The first half of the book presents basic Assembler Language elements. These include a structured programming shell, data definition instructions, the data movement and character comparison instructions, methods of controlling the printed output and the use of internal subroutines. Next the packed decimal mathematics instruction set is presented along with methods of editing numbers for print or display use. Then the fixed binary instructions are covered. These first fifteen chapters are often sufficient for the beginning programming course. Only the QSAM access method for I/O is used.
The last half of the book covers the remaining instruction set. Basic looping instructions are covered followed by the machine instruction formats. Next, an entire chapter is devoted to the various ways of indexing can be done – that is, array processing.

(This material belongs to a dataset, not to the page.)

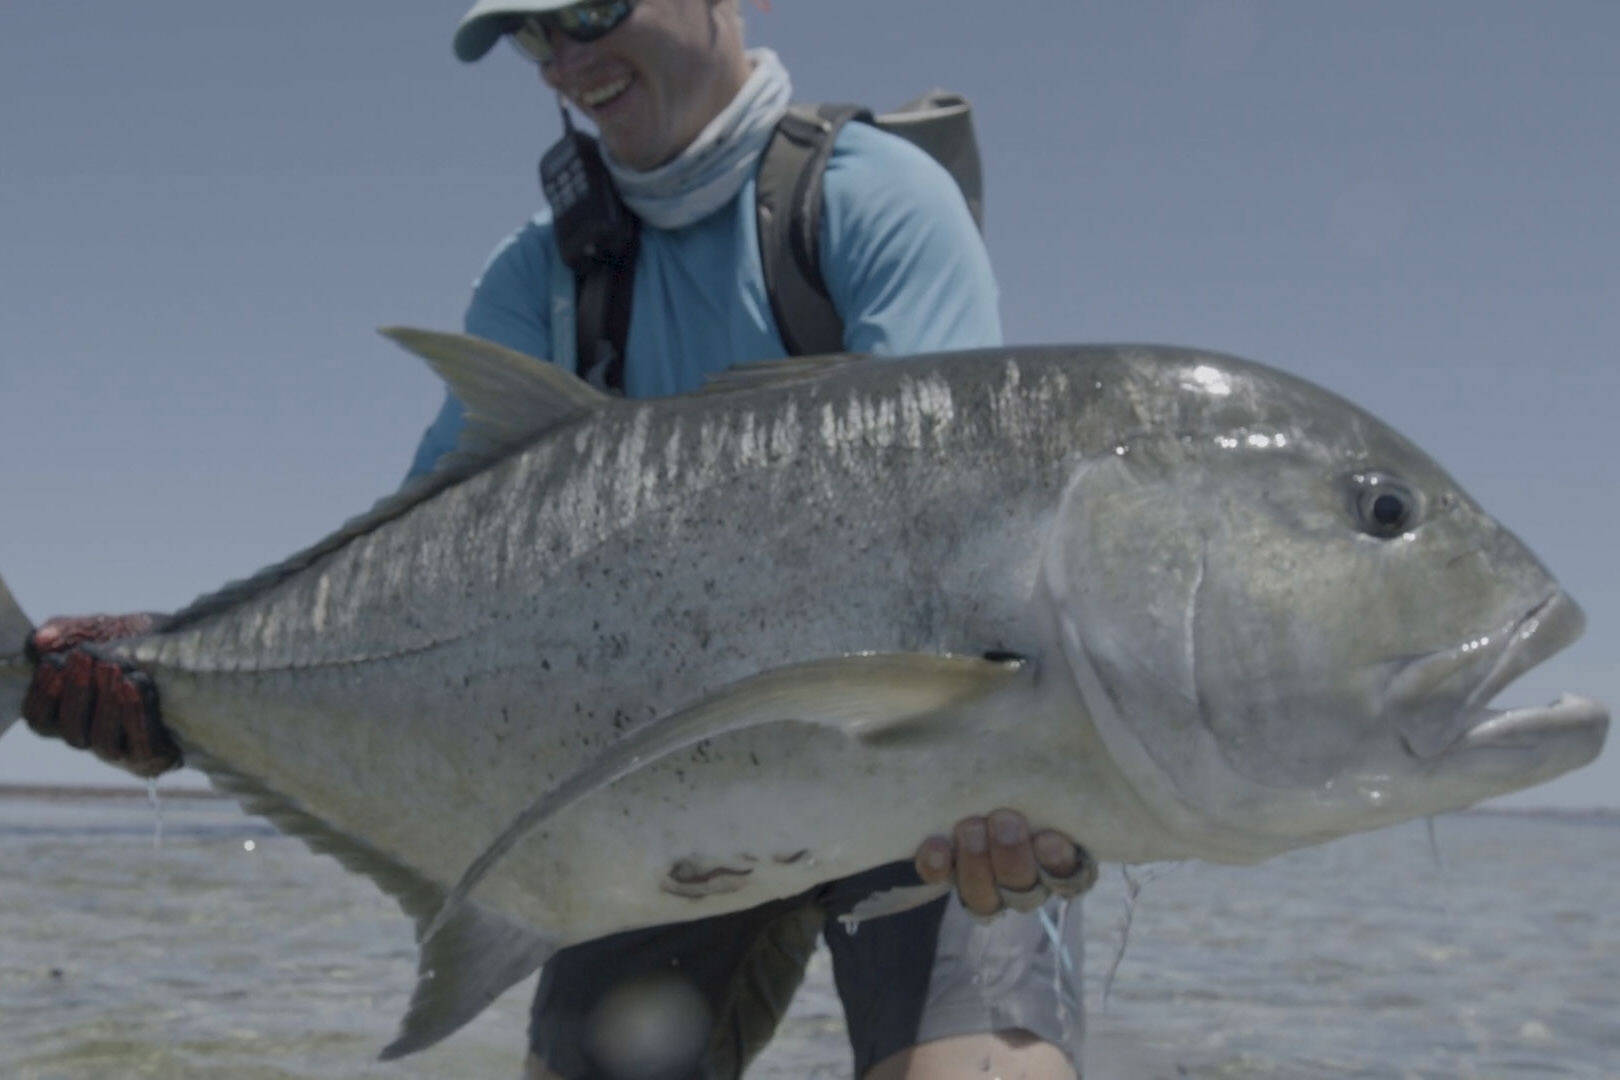 An angler holds up a massive fish in “Jacks: A Film by Jako Lucas & Ra Beattie.” (Photo courtesy International Fly Fishing Festival)

Handling external subroutines with the associated parameter passing is typically a difficult topic for beginners. One of the lengthiest chapters covers all the various methods that separately compiled routines can be invoked and passed parameters.
There are two chapters devoted to an overview of how the operating system functions. This then leads into the use of the interval timer.
The read and write macros are then presented along with the mandatory methods of blocking and deblocking records. Data compression is added so that a solid understanding of BSAM I/O access method is gained along with some possible uses of it. Then the multi-tasking macros are presented.
There is an extensive chapter on the EXCP (execute channel program) method for I/O with sample coding for tape drive operations. The final two chapters show one how to write your own macros and how to write reentrant modules.
Note that this is not a textbook; it does not have sample problems, review exercises or programming problems.